What you should do: Although the data below contains pictures, output only the lines between those holding "[876/5P] Five Para" and "Labradorite 14k gold", inclusive, exactly and without those pictures.

Data:
+++
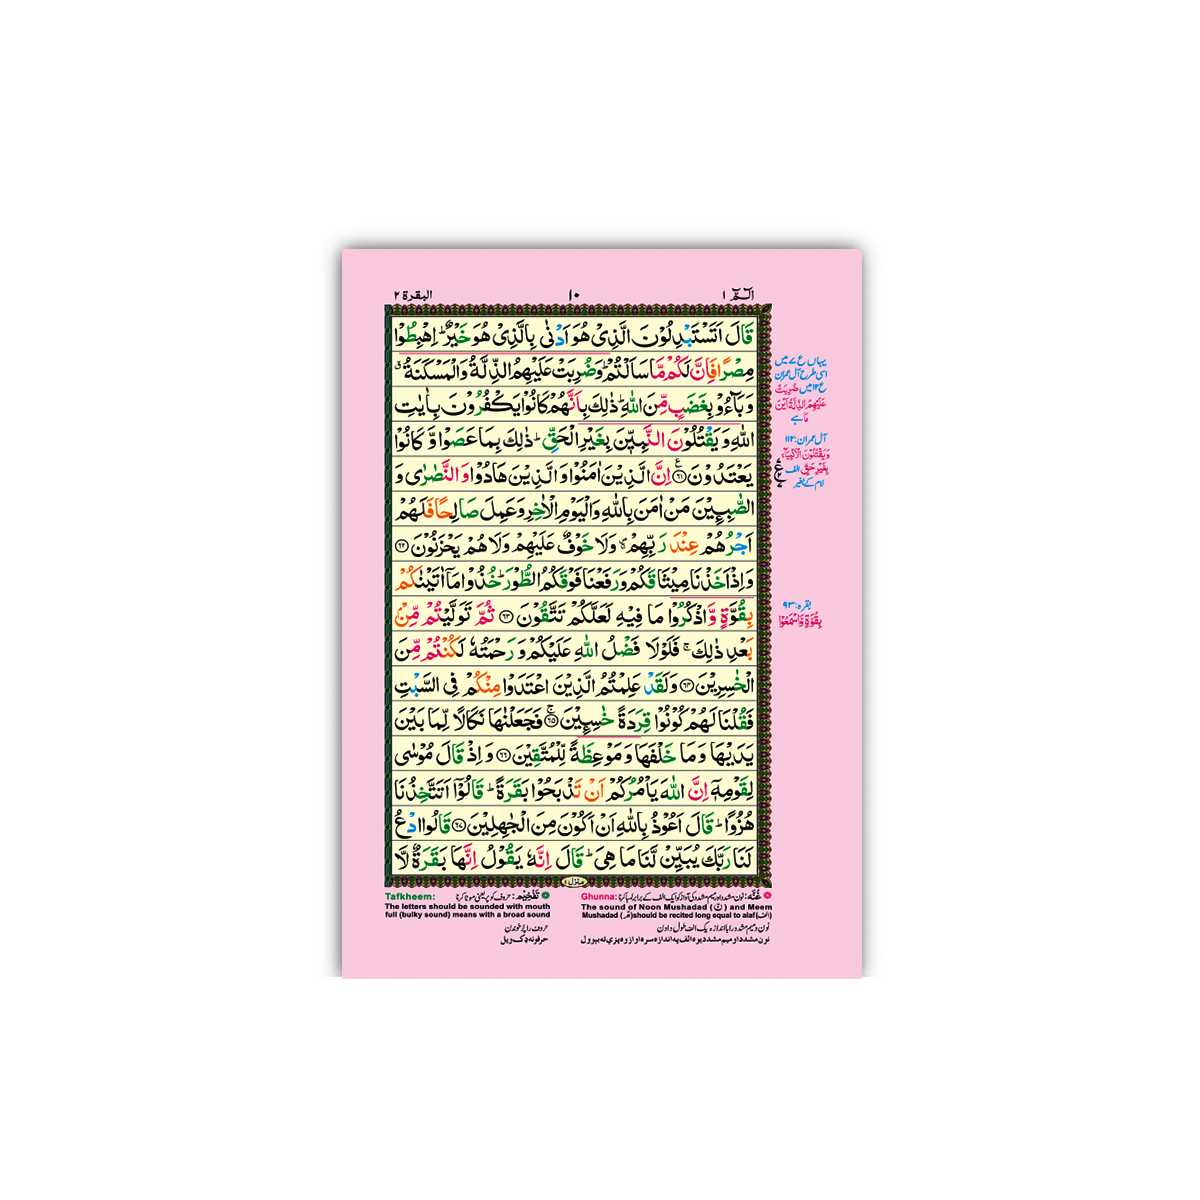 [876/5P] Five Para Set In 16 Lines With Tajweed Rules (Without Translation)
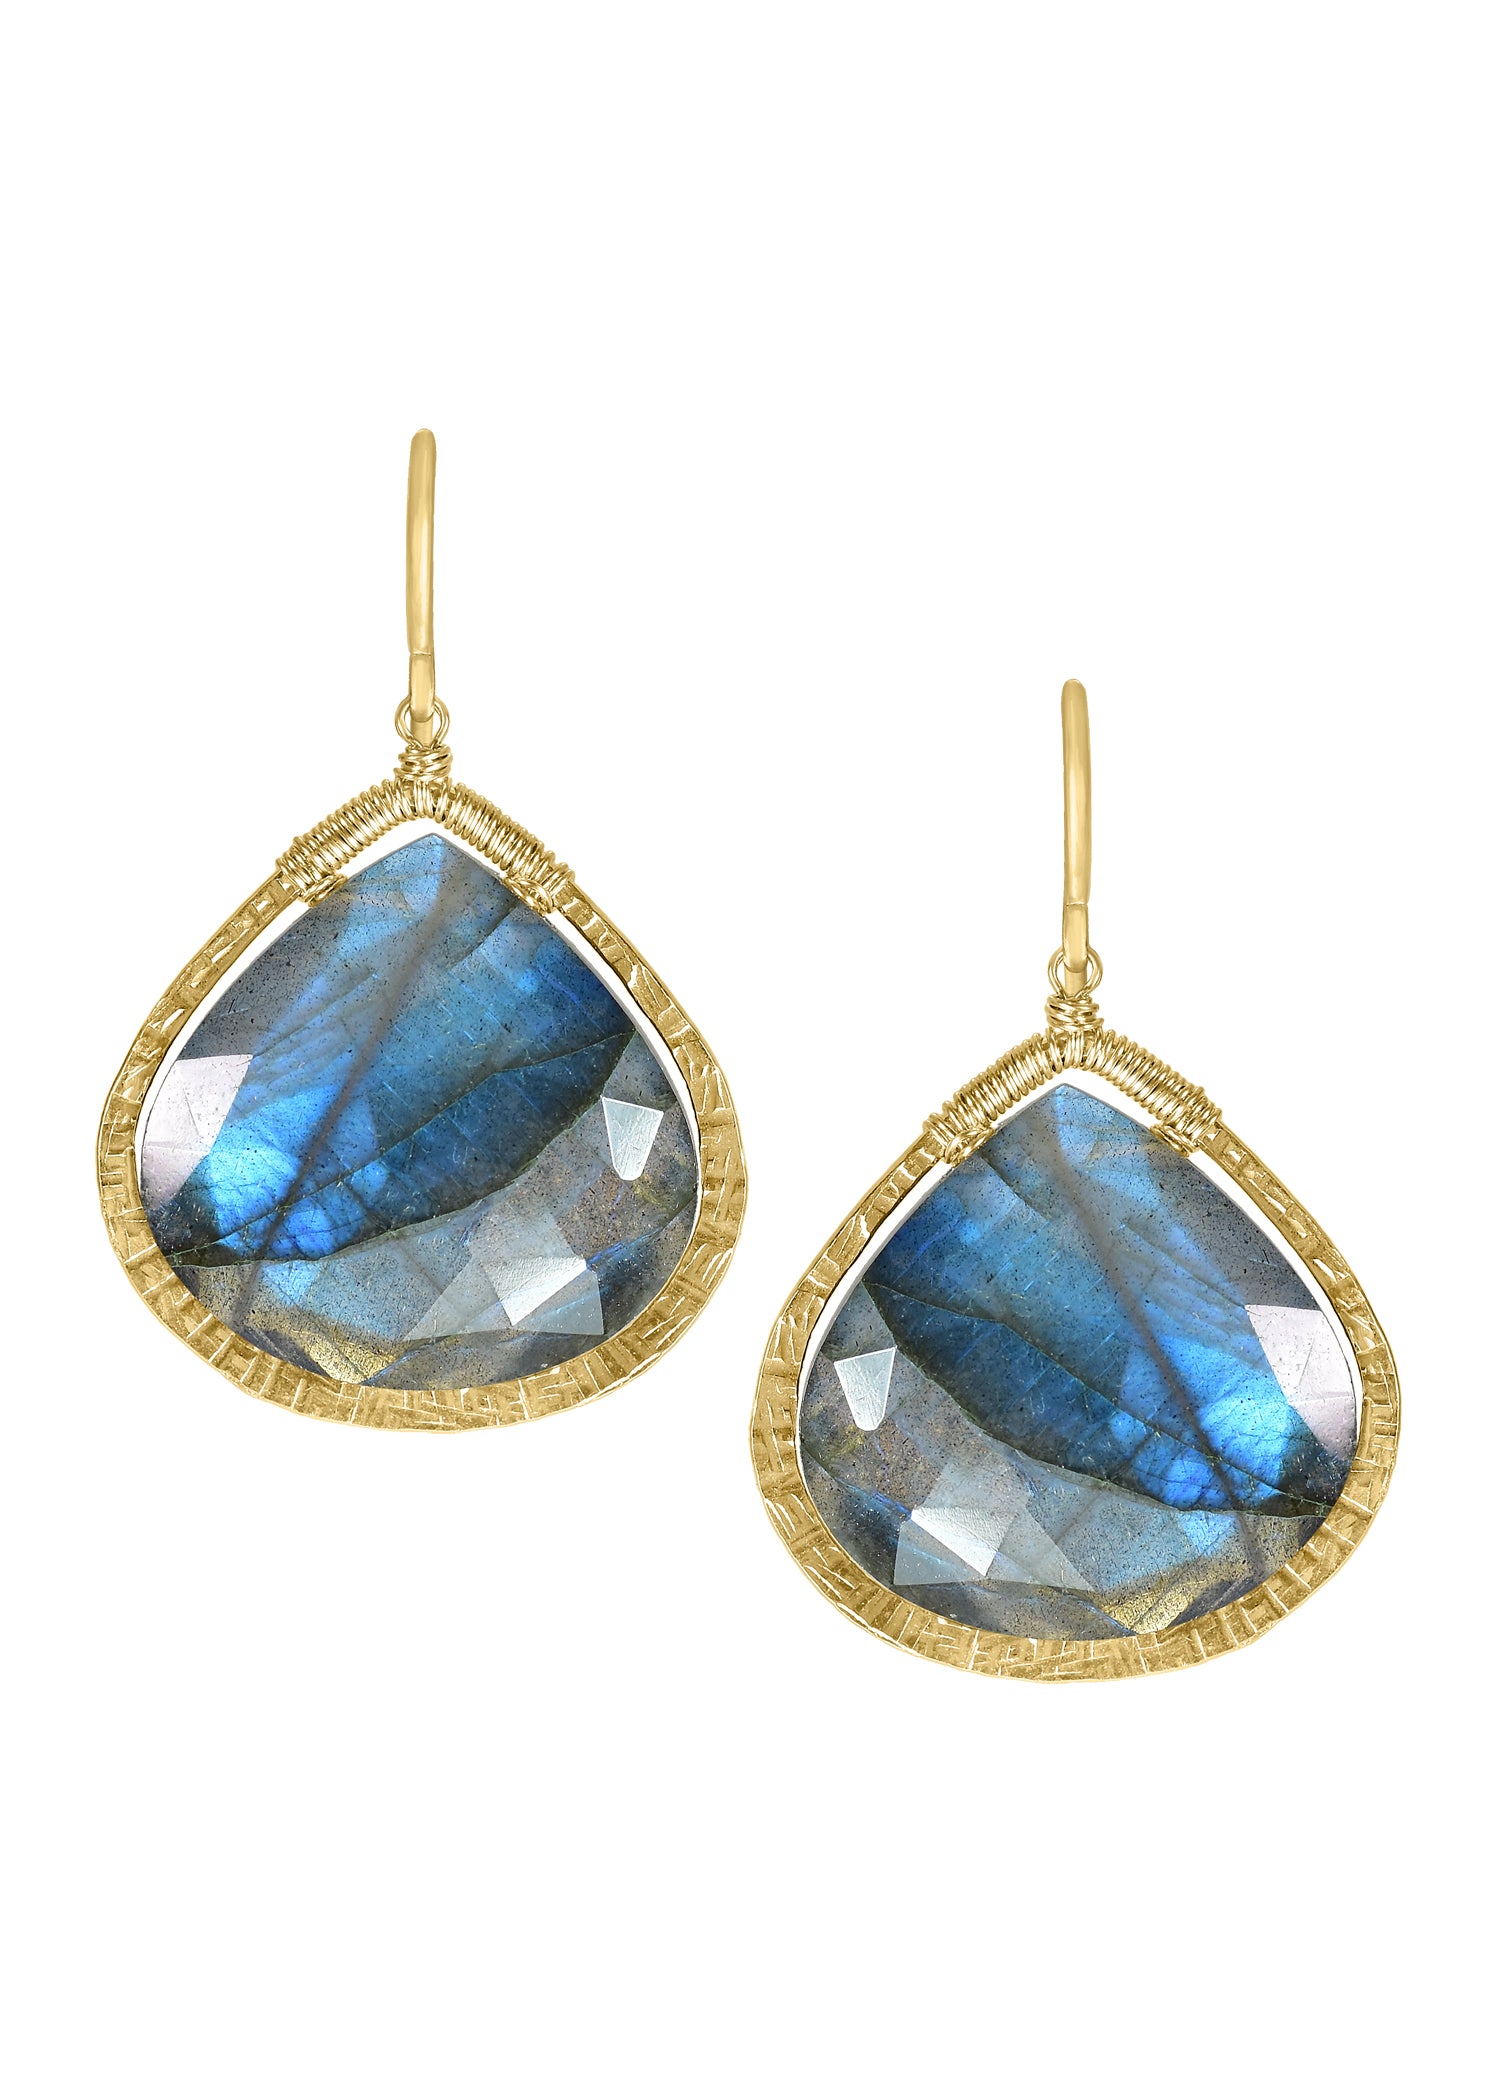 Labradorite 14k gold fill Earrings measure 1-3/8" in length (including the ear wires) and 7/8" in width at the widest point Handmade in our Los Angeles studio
+++
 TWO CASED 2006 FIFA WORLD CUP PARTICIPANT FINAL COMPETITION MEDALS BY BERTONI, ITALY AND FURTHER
+++
Task solution:
 [876/5P] Five Para Set In 16 Lines With Tajweed Rules (Without Translation)
 Labradorite 14k gold fill Earrings measure 1-3/8" in length (including the ear wires) and 7/8" in width at the widest point Handmade in our Los Angeles studio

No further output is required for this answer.